There’s something about complexity that pulls me in. Maybe it’s the challenge of untangling moving parts, the unpredictability of it all, or just the satisfaction of seeing patterns emerge where, at first, there seemed to be none. When I started working on AI-powered project management systems, I thought the challenge was about prediction—refining estimates, optimizing workflows, and anticipating risks before they materialized. But the deeper I went, the more I realized that predicting and controlling uncertainty wasn’t enough.
Reading Resilience Engineering: New Directions for Measuring and Maintaining Safety in Complex Systems, a report authored by Sidney Dekker, Erik Hollnagel, David Woods, and Richard Cook, put these thoughts into sharper focus. The document critiques traditional risk management approaches that rely on failure probability calculations and error reduction. Instead, it shifts the discussion toward adaptive capacity—the idea that resilient systems don’t just avoid failure; they must actively respond, recover, and even improve in the face of disruption.
At first, resilience engineering felt like another layer of complexity in an already intricate system. But as I dug deeper, I saw the connections. The report discusses how complex systems require continuous adaptation, rather than rigid rule-based approaches. This resonated with my experience in AI-powered project management, where I had encountered a fundamental limitation: plans fail the moment reality doesn’t fit the model. No matter how well a system predicts an outcome, external conditions change, resources shift, and stakeholders rethink priorities. Instead of just designing AI that makes better forecasts, I needed to focus on AI that adjusts dynamically, recognizes uncertainty, and recalibrates itself in real-time.
One of the key arguments in the report is that over-optimized systems become fragile—they perform well in stable conditions but collapse under stress.
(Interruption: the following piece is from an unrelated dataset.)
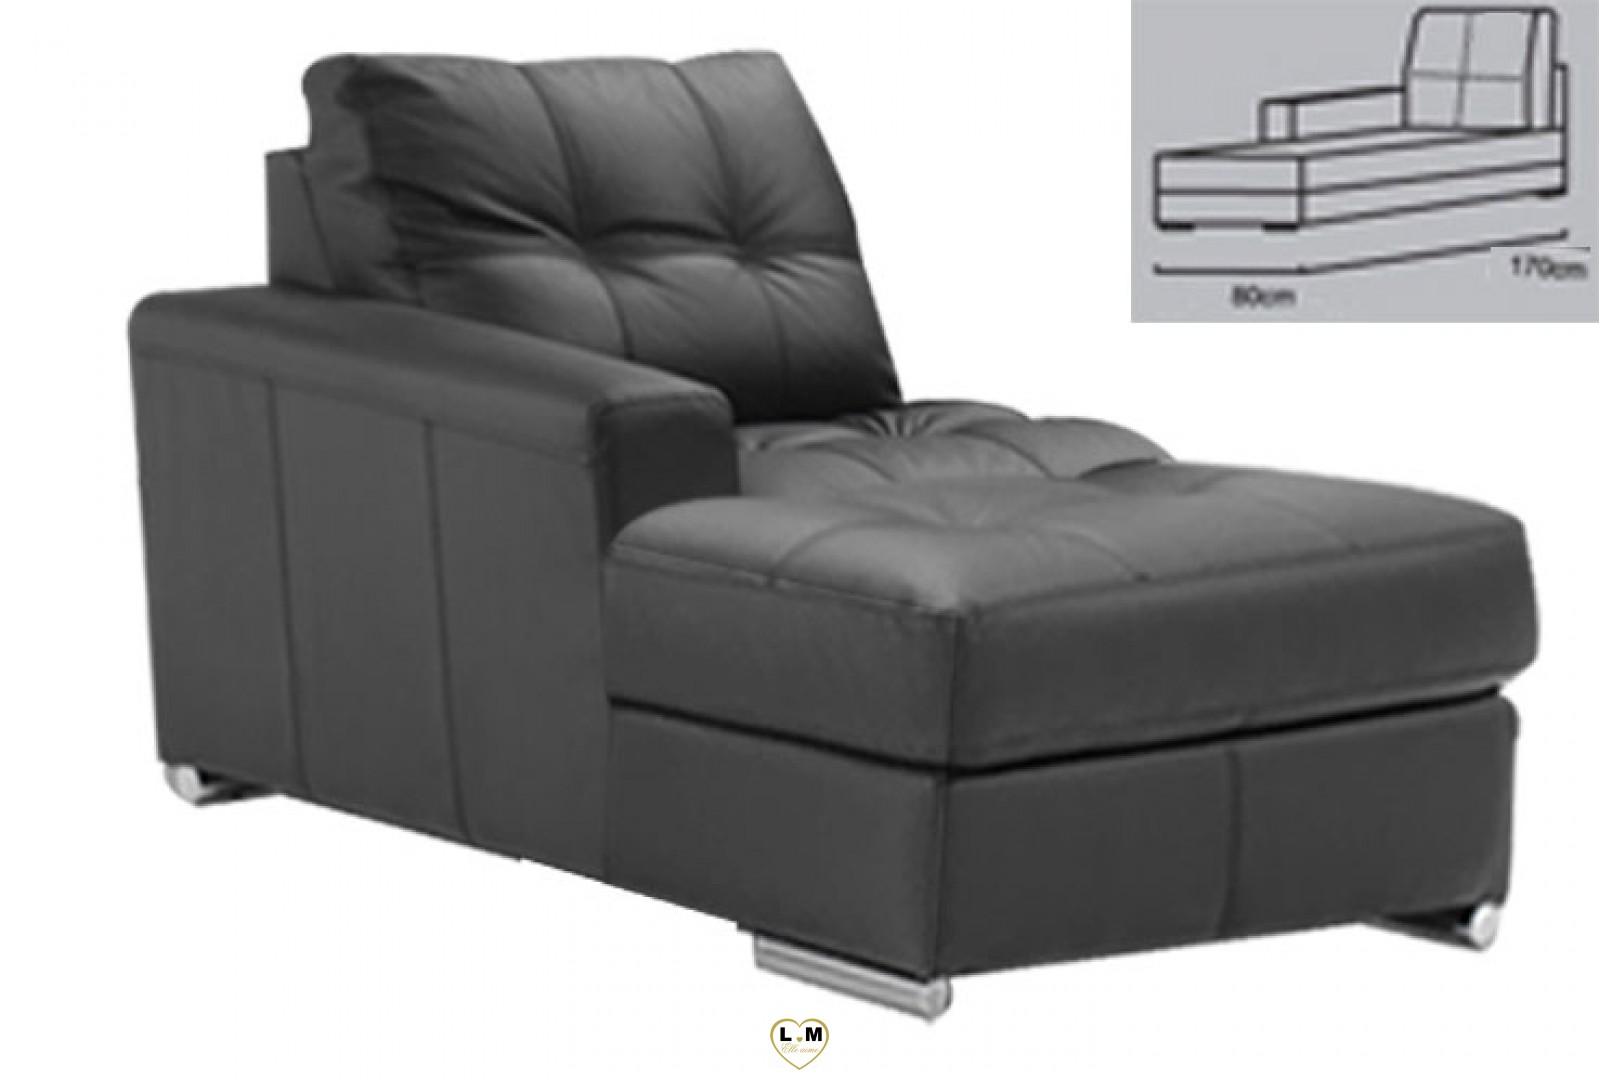 Alexie angle salon cuir la chaise longue gauche for Chaise 87 cm

This immediately reminded me of project management methodologies that are designed for efficiency rather than resilience. AI-driven tools that follow rigid optimization rules struggle in volatile environments, whereas systems designed with feedback loops and real-time learning mechanisms can thrive in uncertainty. The best models, as the report emphasizes, are not those that attempt to eliminate risk but those that anticipate, absorb, and adapt to it.
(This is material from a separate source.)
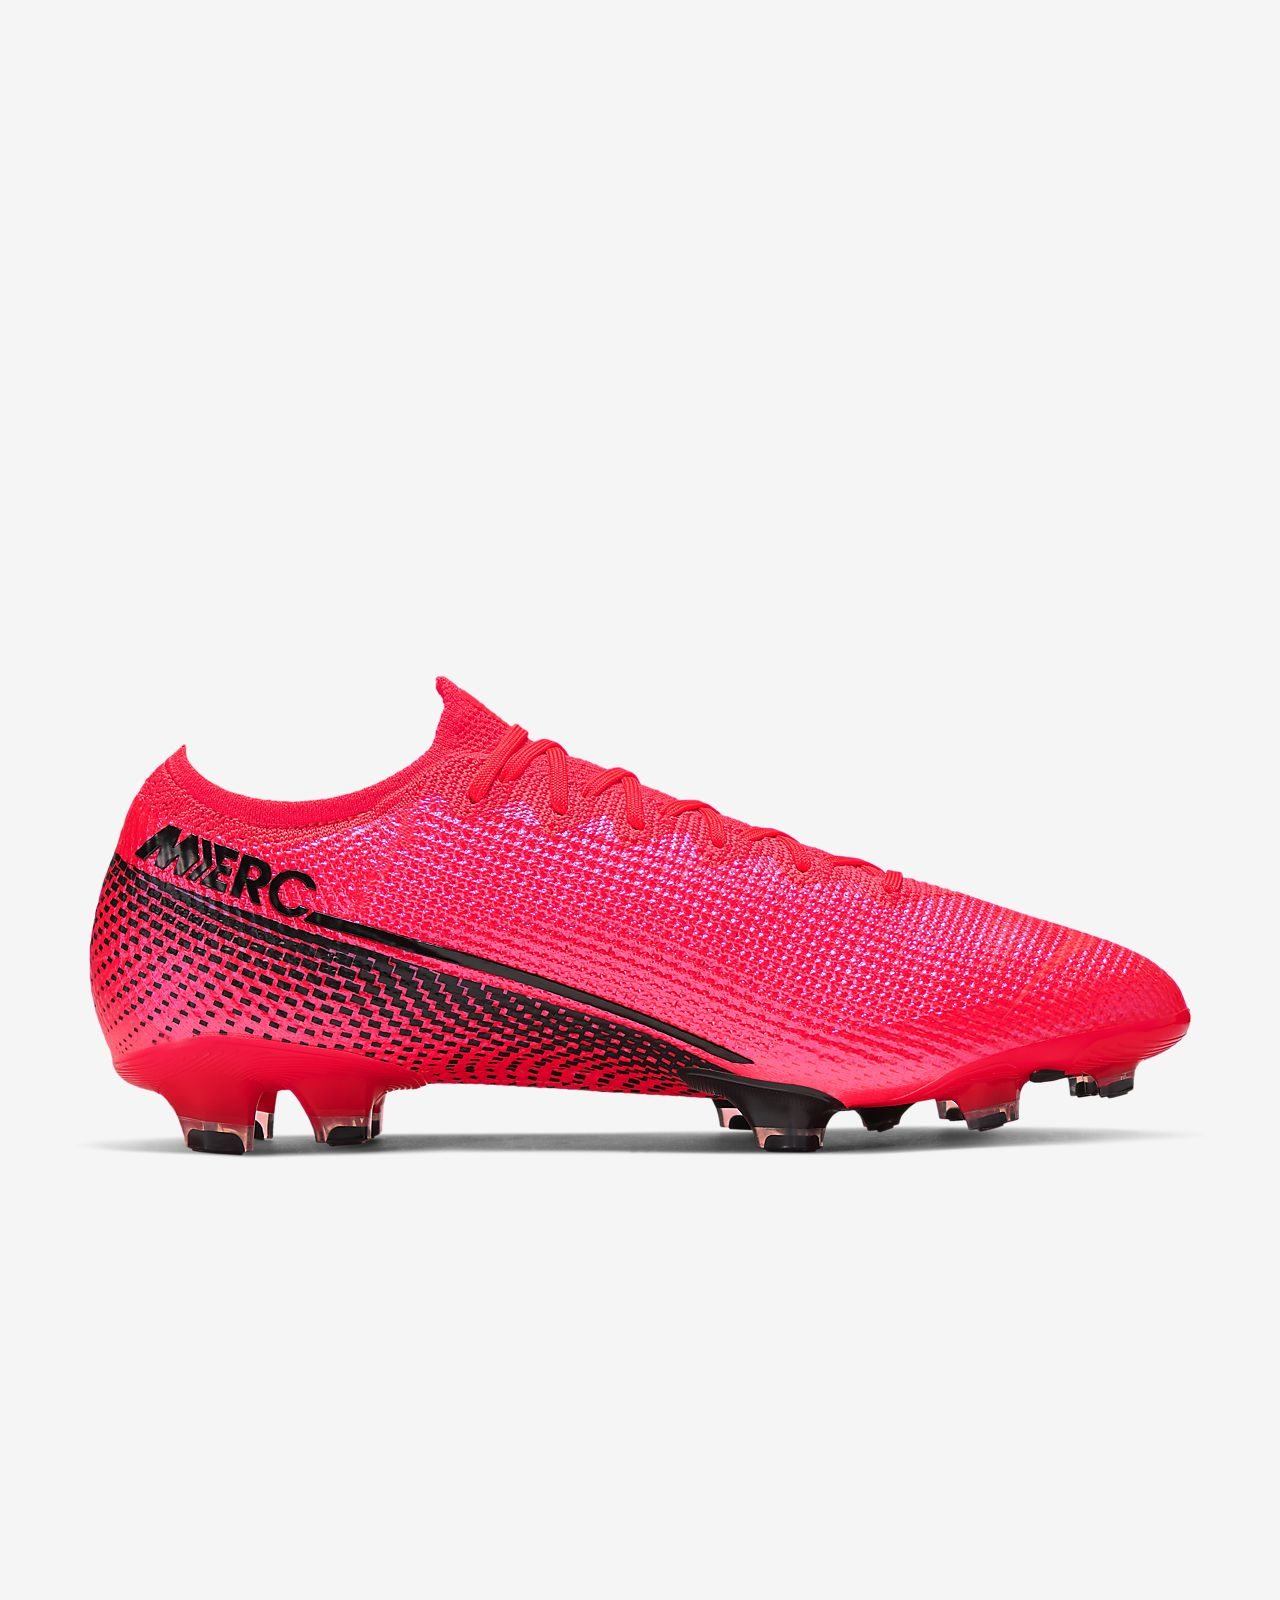 Nike Mercurial Vapor 13 Elite FG Firm Ground Soccer Cleat

This shift toward resilience is happening across industries, and project management is no exception. The upcoming PMBOK 8th Edition is moving away from rigid methodologies and toward principles-based frameworks, recognizing that adaptability is just as important as structure. This aligns with what resilience engineers have long argued: uncertainty is not a failure—it’s an expected and natural part of any system.
I won’t pretend I have it all figured out yet. The more I explore these ideas, the more I realize how much more there is to understand. But that’s part of the process. Each challenge, each unexpected shift, each failed prediction—it’s all part of the system learning. And in that sense, resilience isn’t just something to design into AI or project management frameworks. It’s something we develop in ourselves.